The second point of value is a generator is always only going to develop exactly as much current as the electrical system needs at that instant, and no more. If you need 57 amps, it doesn't matter if your generator is capable of developing 100 amps or 150 amps; it's going to develop 57 amps. There is one time when it will develop the full amount of current it is rated for That is during a full-load output current test that is part of a professional charging system test. That test takes only two or three seconds; just long enough to get the reading, then it's over.
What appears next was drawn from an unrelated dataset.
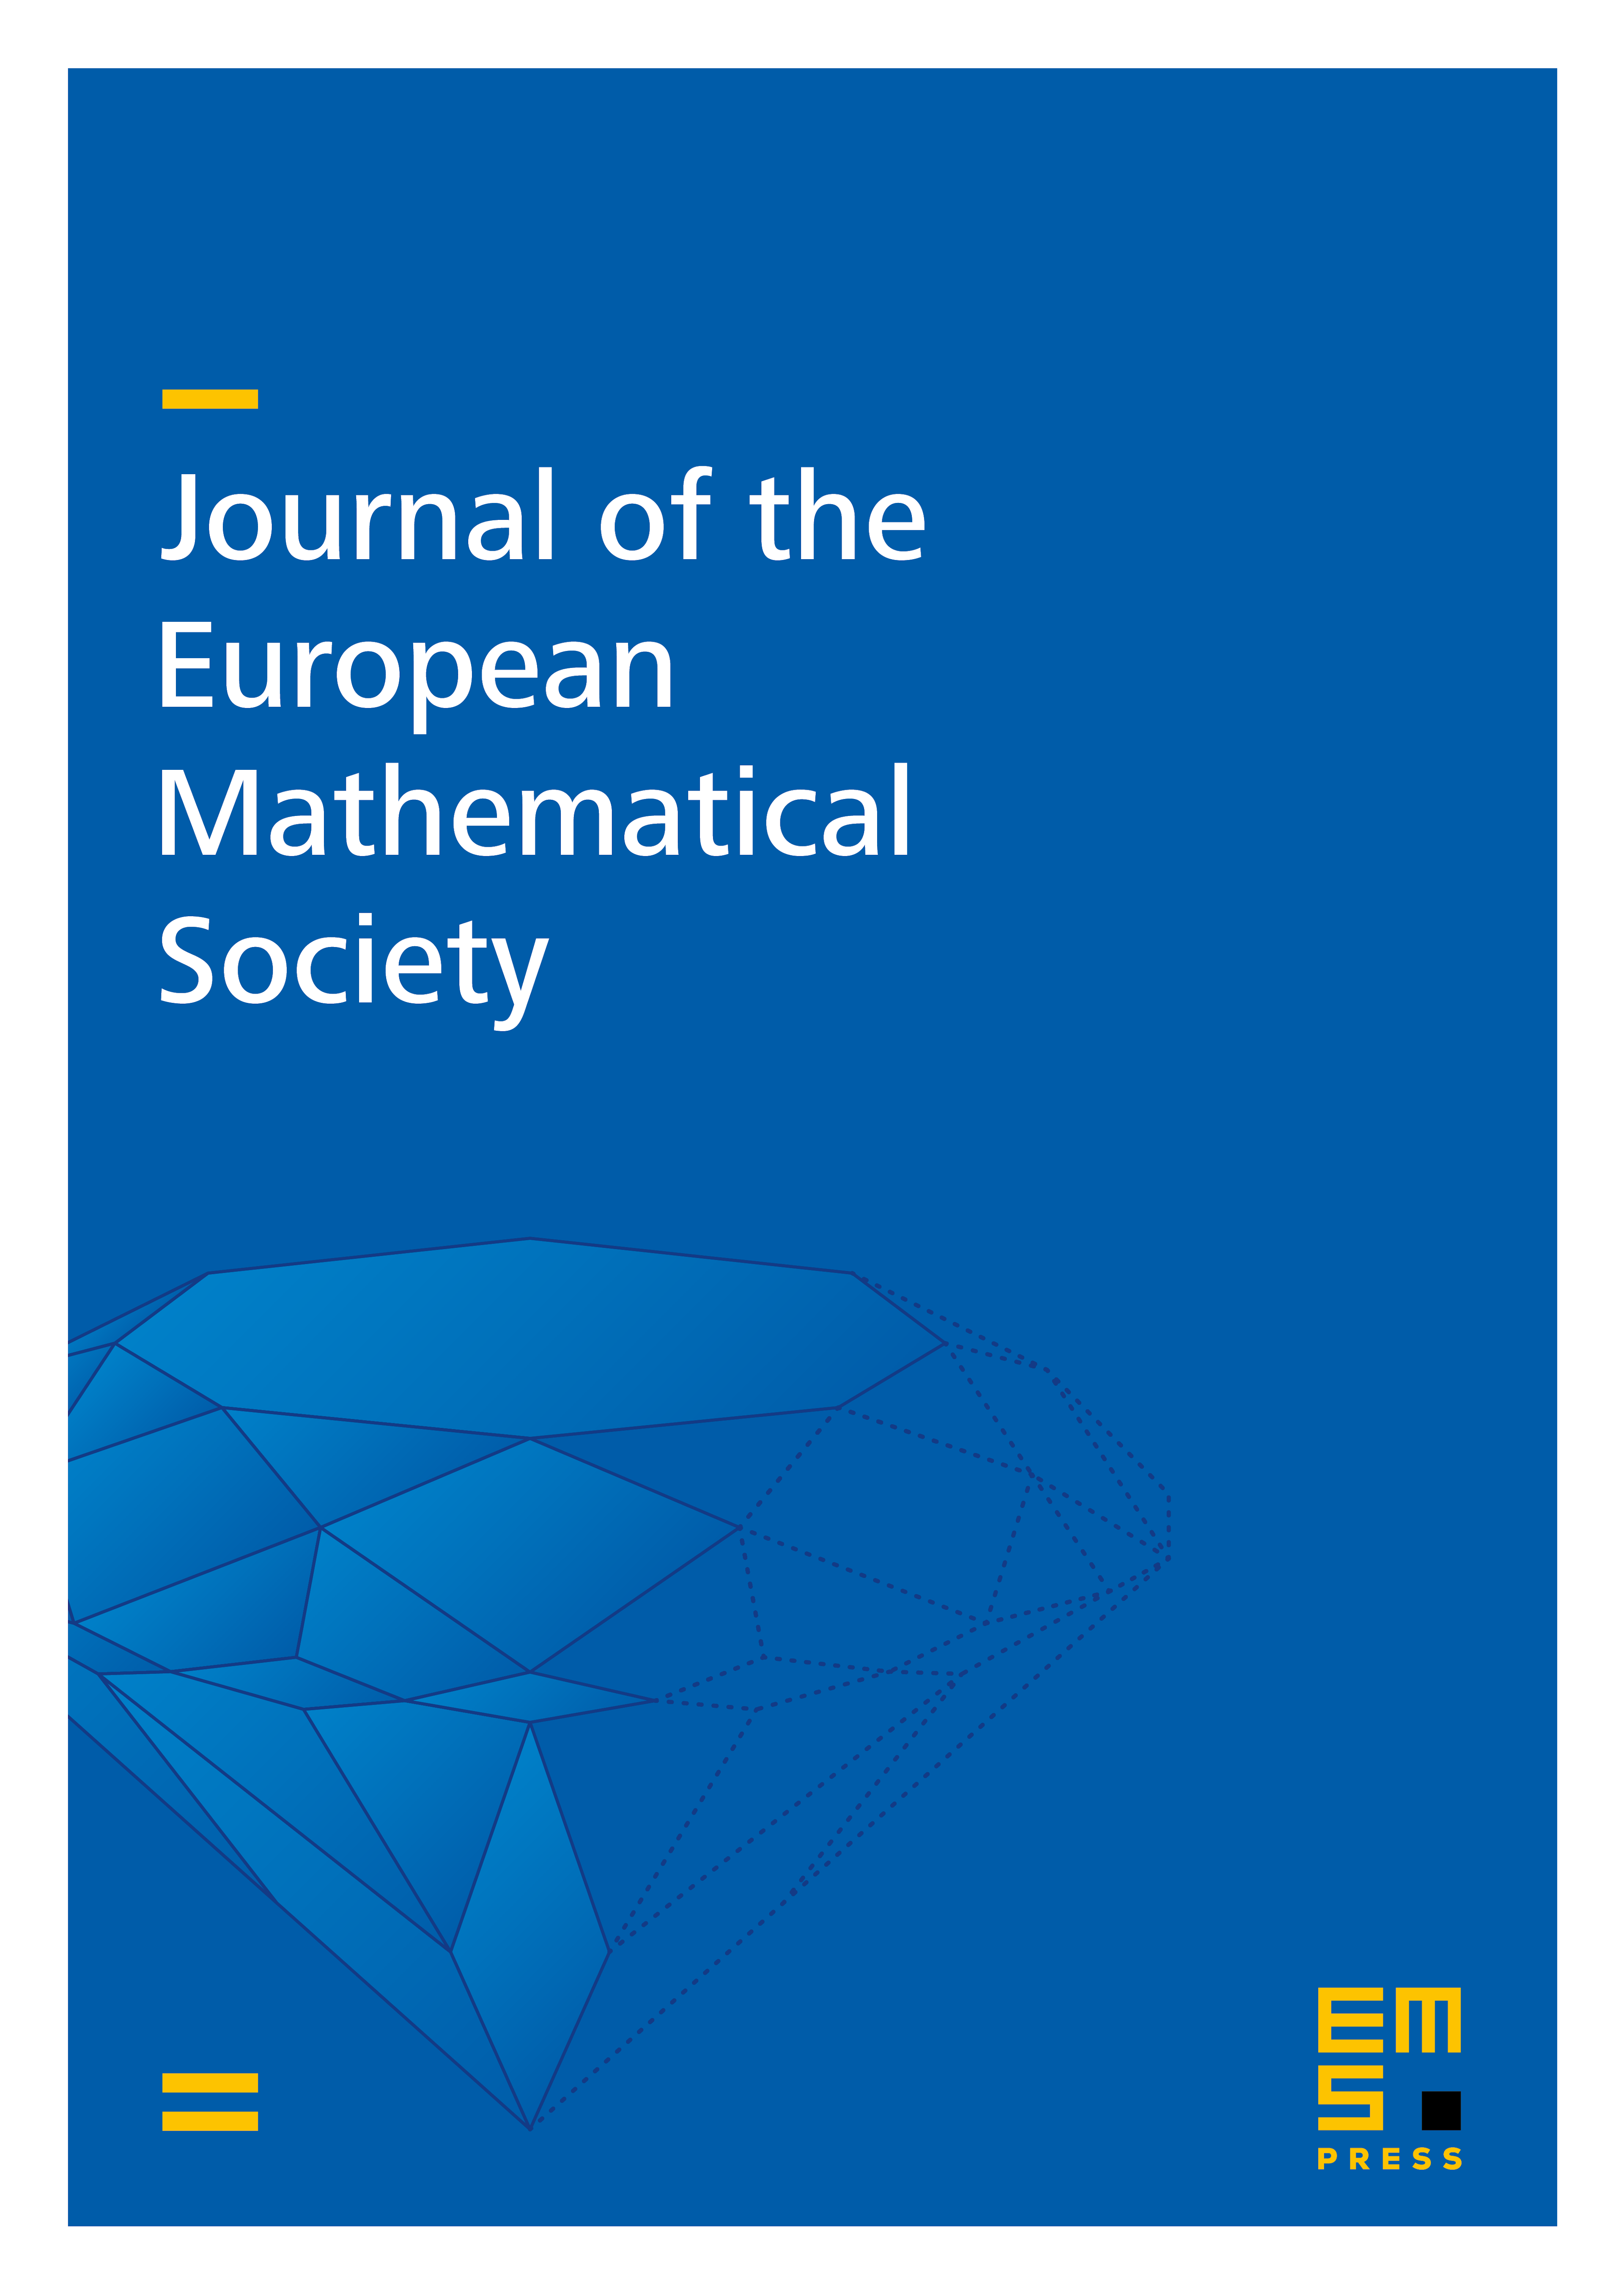 Sharp isoperimetric inequalities and model spaces for the Curvature-Dimension-Diameter condition cover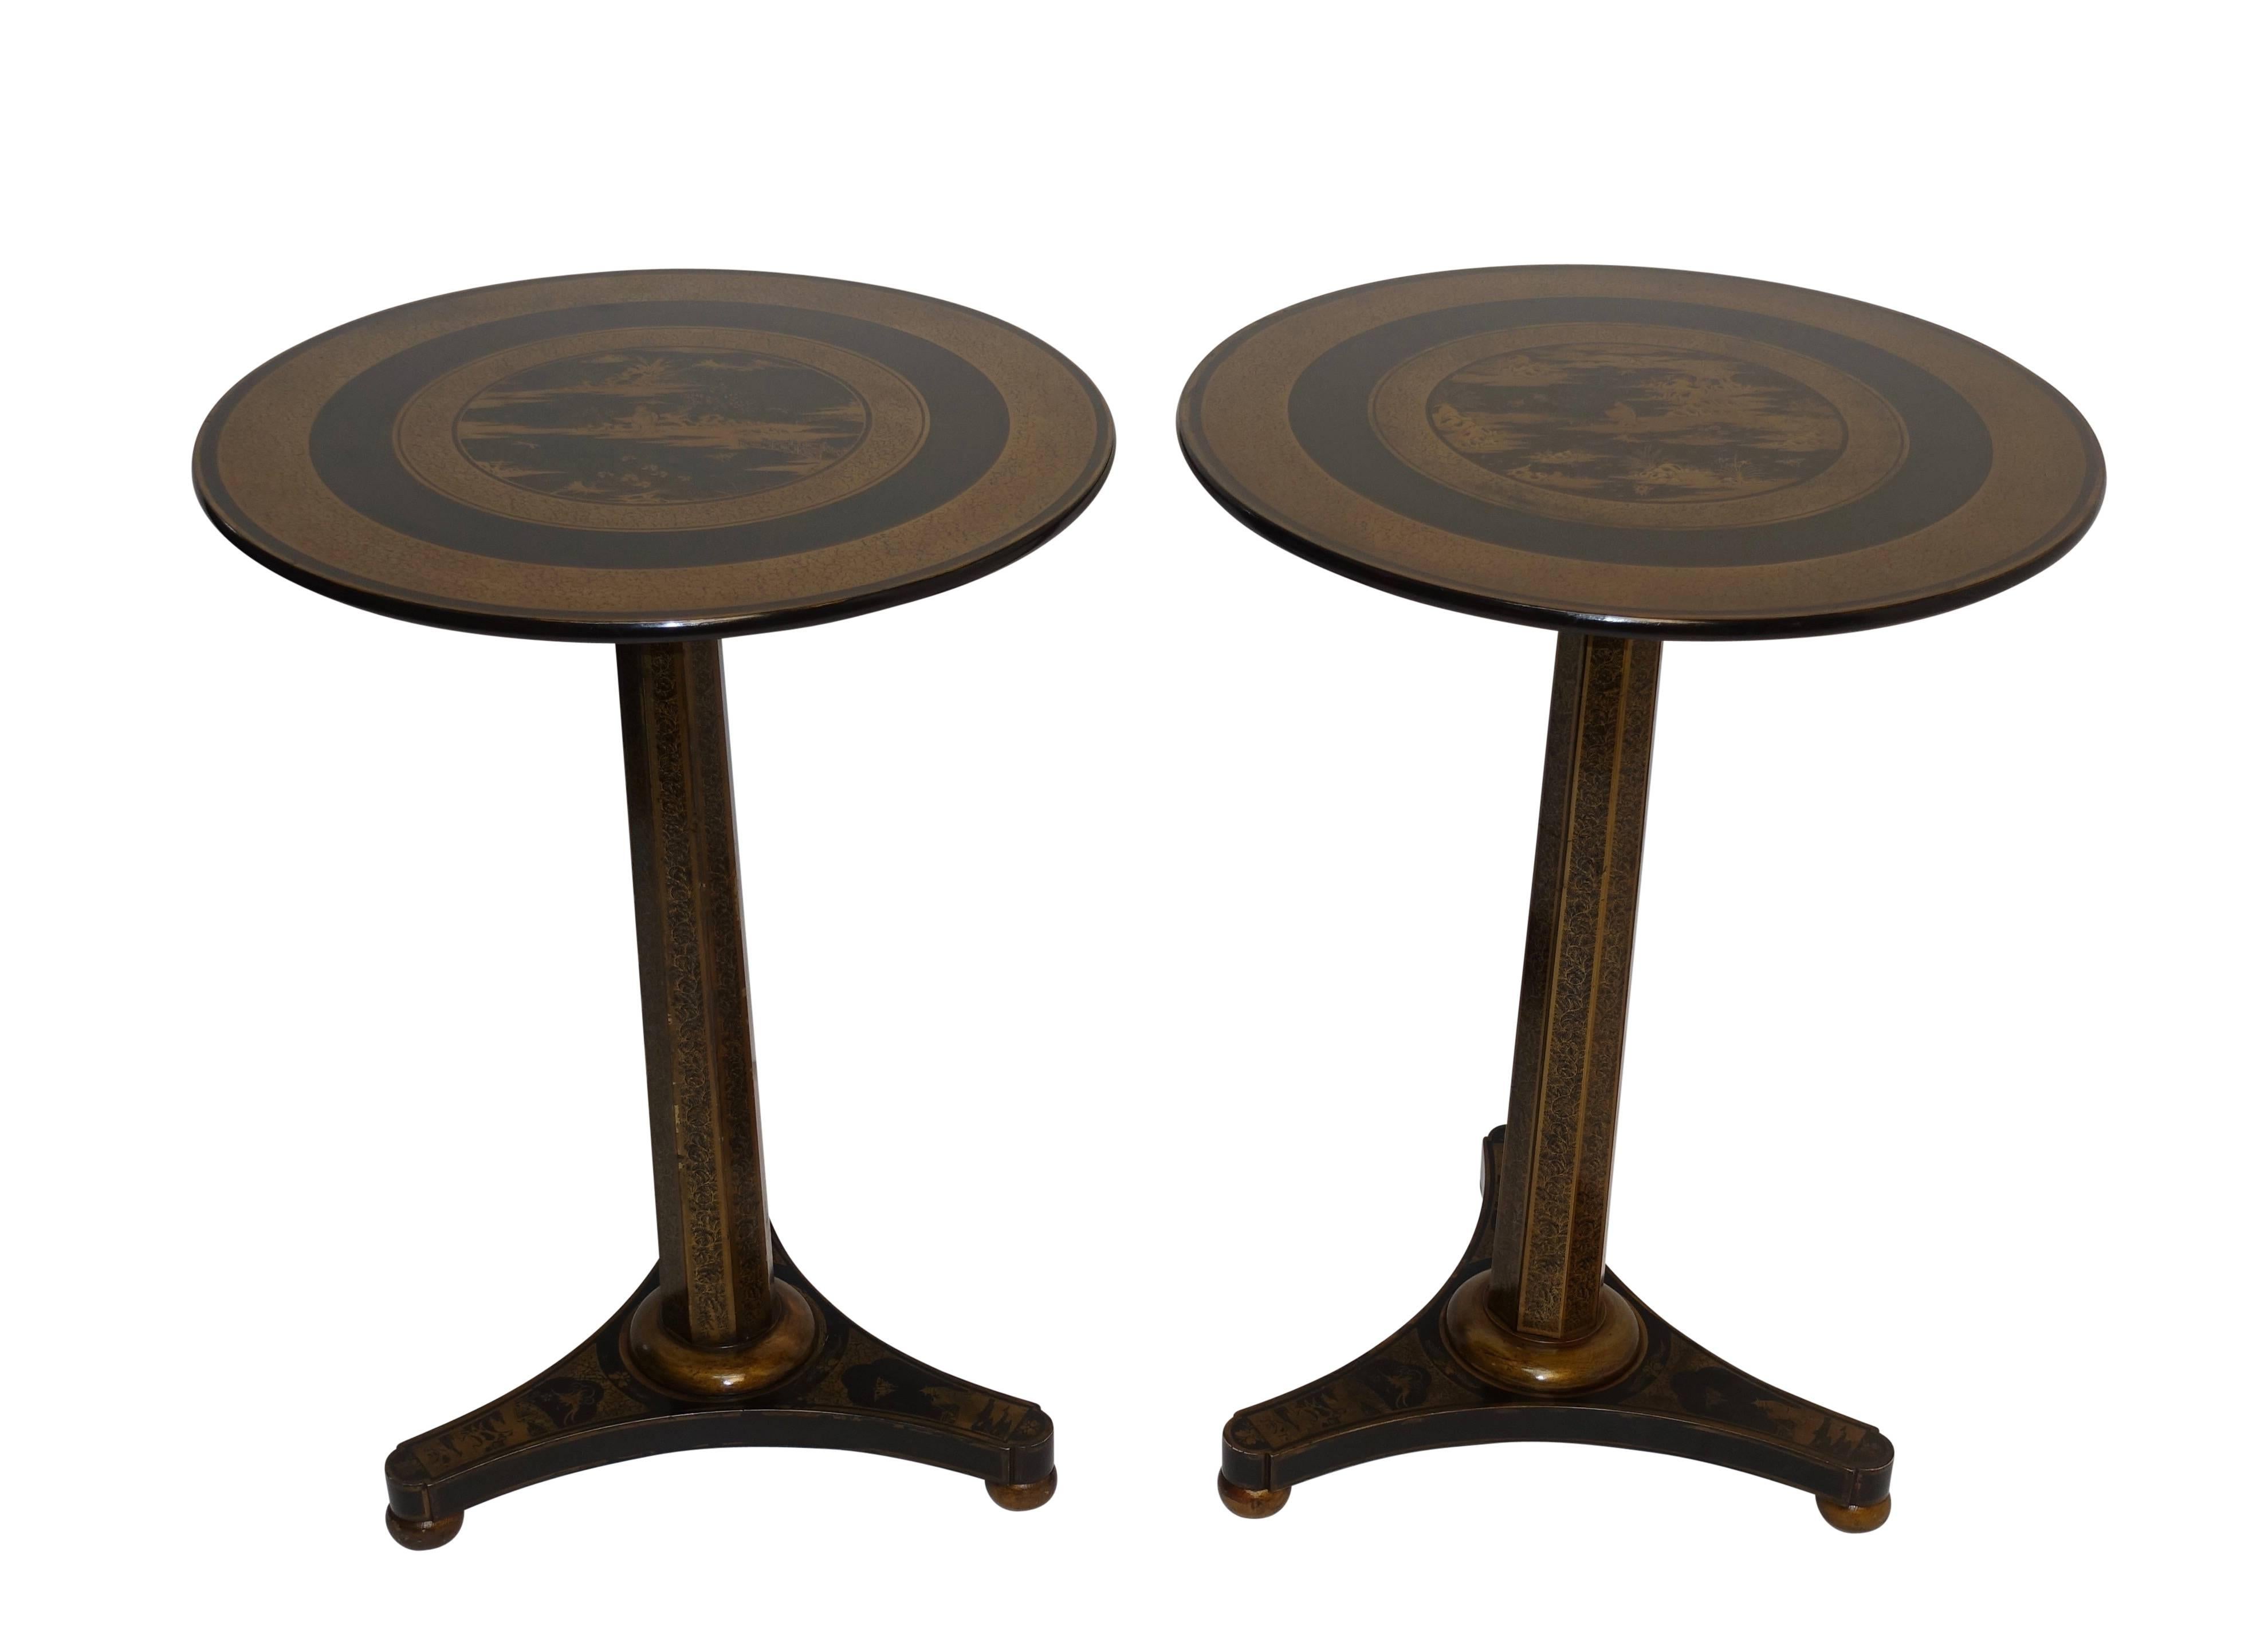 A pair of Regency style black lacquered side tables with gold painted chinoiserie scenes and having bands of vining leaves running along the tapering octagonal column, England, mid-19th century.

Also be aware a generator is physically incapable of developing more current than it is designed for. Where the problem can occur is there is always going to be some type of fuse device in the generator's output circuit. That's to protect the wire from the battery if an internal short were to develop inside the generator. It can also prevent a fire if the exposed output terminal on the back of the generator is accidentally grounded by a wrench or some other metal tool. That fuse has a current rating selected at the factory to match the generator installed there. On older cars that was a fuse link wire that was spliced into the wire it protects. It's a smaller diameter to make it the weak link in the chain. Also, the insulation is designed to not melt or burn. With a smaller factory-installed generator comes a smaller diameter fuse link wire. On newer cars that will be a regular fuse in the under-hood fuse box, and it will always be bolted in to insure a solid connection. Fuse link wires are slow-blow fuses, meaning they take some time to burn open. If you install a generator with a larger output current capacity, it is likely to exceed the current rating of the fuse link wire, but only during that full-load output test, never during normal driving. The test will be over before that wire can burn open. That's not the case on newer cars with regular fuses. Those burn open instantly when their current rating is exceeded.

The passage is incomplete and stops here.